In a direct-connect rig like the kind at Purdue, researchers test just the internal scramjet engine components by connecting the rocket, called a vitiating air heater, into the engine’s air inlet.
"Our direct-connect system allows us to replicate hypersonic conditions in a much smaller configuration, so we don’t have to run a facility that’s quite so large as a free jet. As a way to build confidence in your propulsion system design without having to run tests that are that expensive, we extract the isolator, combustor and expansion sections and we effectively replicate the flow that’s going in and the flow that’s going out," Slabaugh says.
The vitiator works like a rocket, by reacting hydrogen and oxygen and producing high-temperature water vapor. That rocket exhaust is supplemented with enough nitrogen and oxygen to simulate atmospheric air before it enters the scramjet combustor. A vacuum system, called an ejector, is attached downstream of the combustor to replicate the exhaust-side airflow at high altitude. Computational methods used during data analysis compensate for the effects of the moisture that the vitiator introduces to the system.

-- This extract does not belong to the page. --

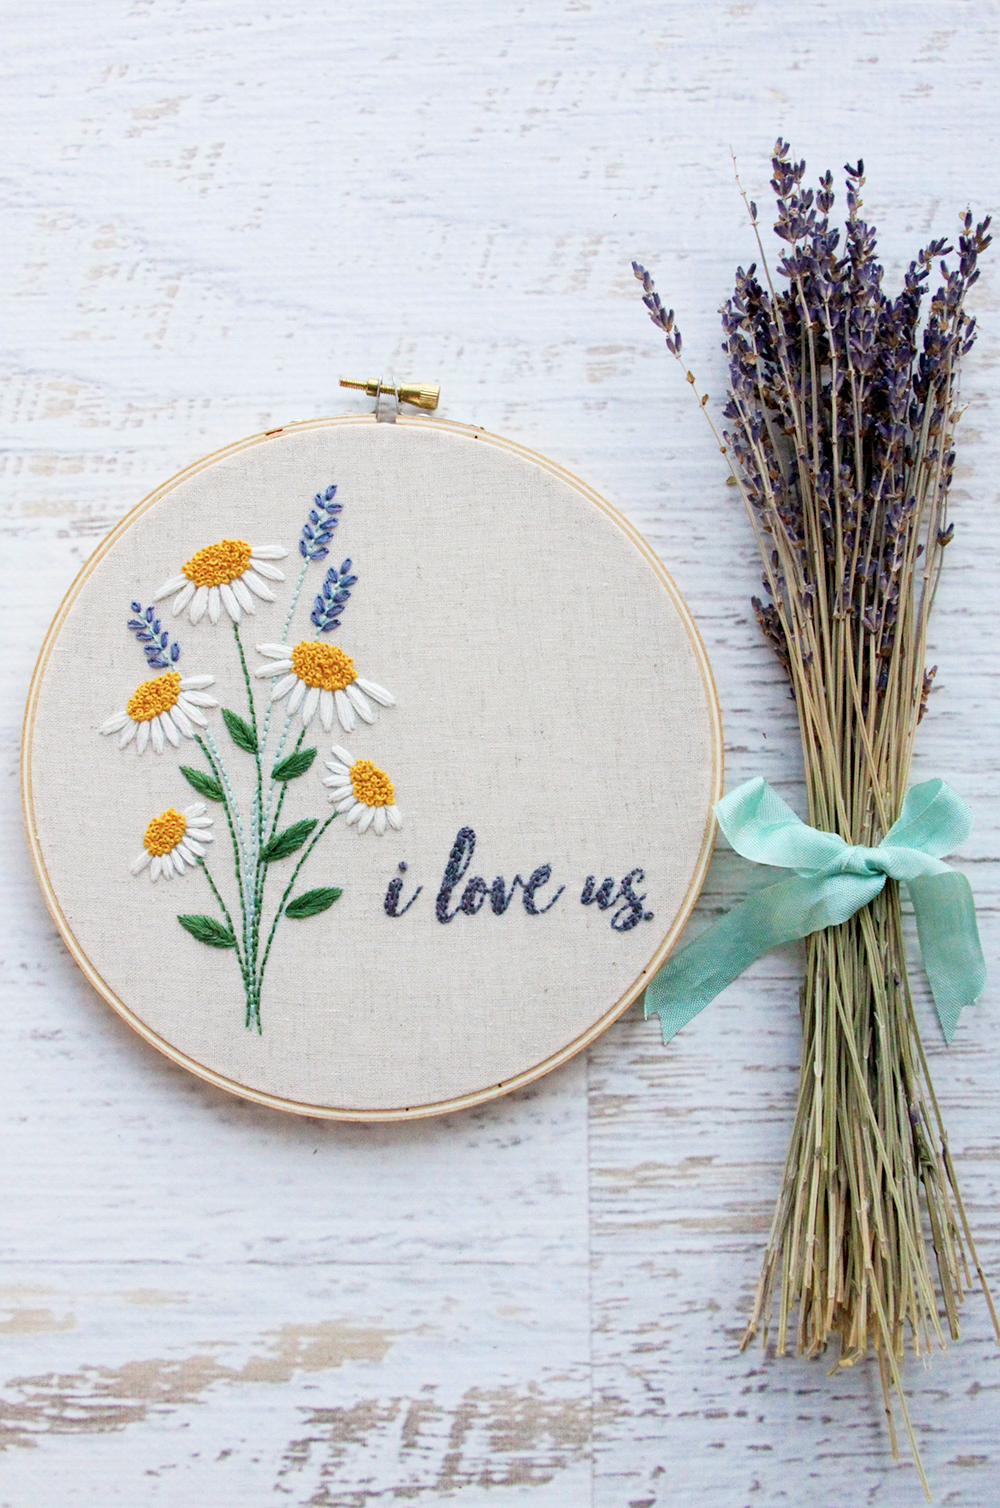 Fancy Floral: A Free Hand Embroidery Pattern! –
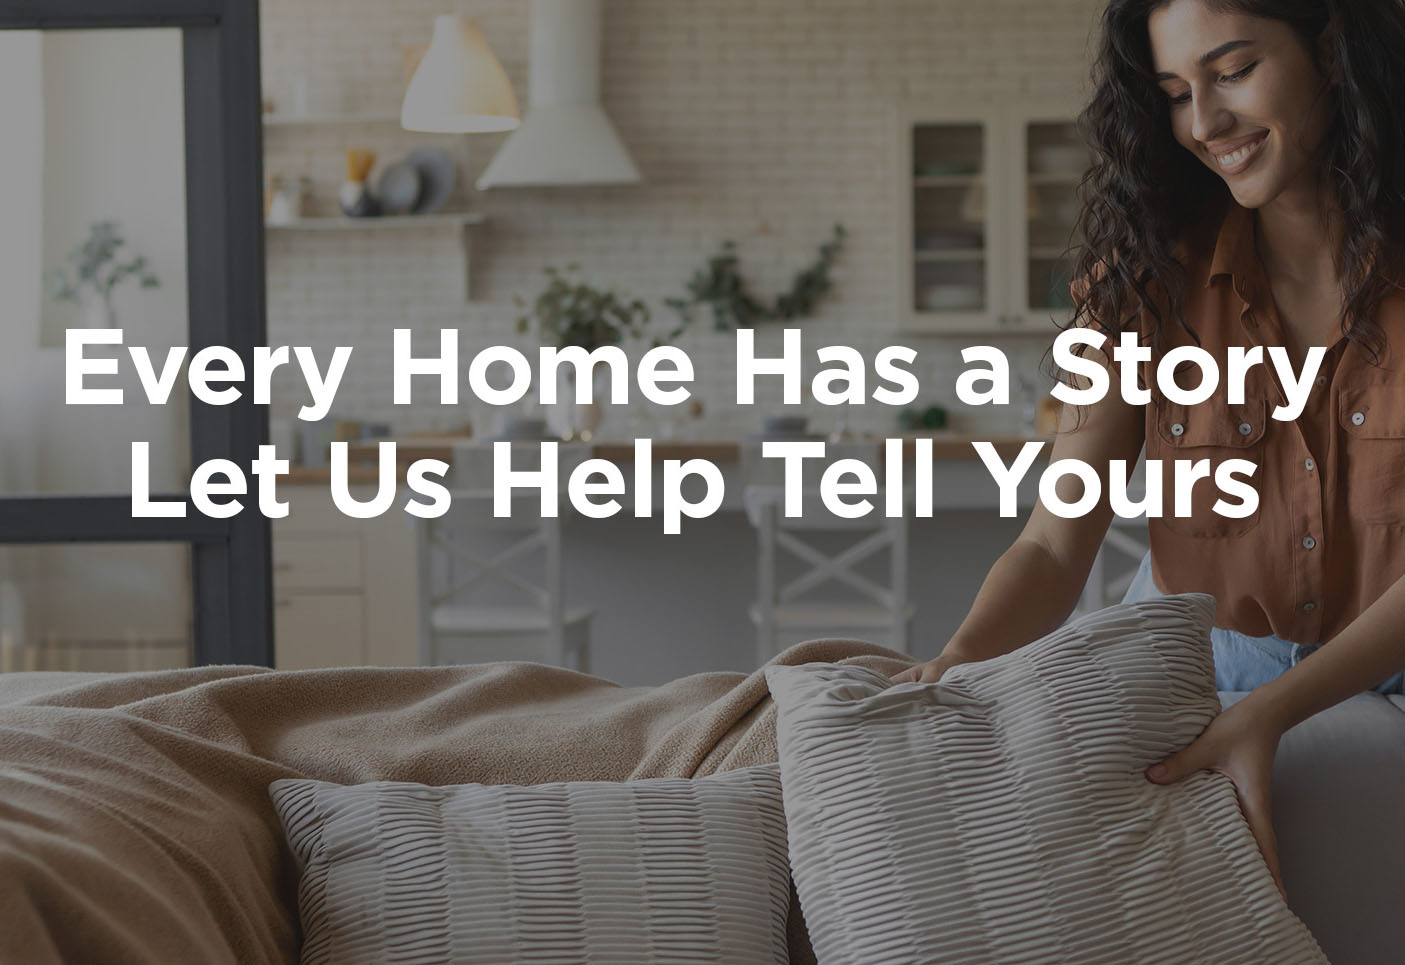 Why Shop Homethreads? About Us

This rig, like the other propulsion test stands at Zucrow, lives in an isolated test cells with 20-inchthick reinforced concrete walls and steel explosion-proof doors.
It’s also loud. When Slabaugh and his students first fired up this new rig in May 2022, the sound vibrations were literally rattling electronic component boards apart inside the datalogging computers. "We learned an important lesson about the resilience of our electronics that day and had to make a few adjustments," said Slabaugh.
The repaired computers have been relocated to the other side of the thick concrete walls of the test cells. They now live in the same room as the laser diagnostics equipment that serves as a cornerstone of Purdue’s combustion research program — a safe space from the harsh testing environment.
Purdue is the only academic institution to stand up this type of testing capability. Despite the challenges, Slabaugh is excited to have the scramjet test stand operating. "Our team always finds a way forward, because we are committed to working these fundamental, relevant problems at scale."
Any setbacks they face day to day are taken in stride.
"I come to work and shoot lasers at fire," he says with a smile. "I can’t complain."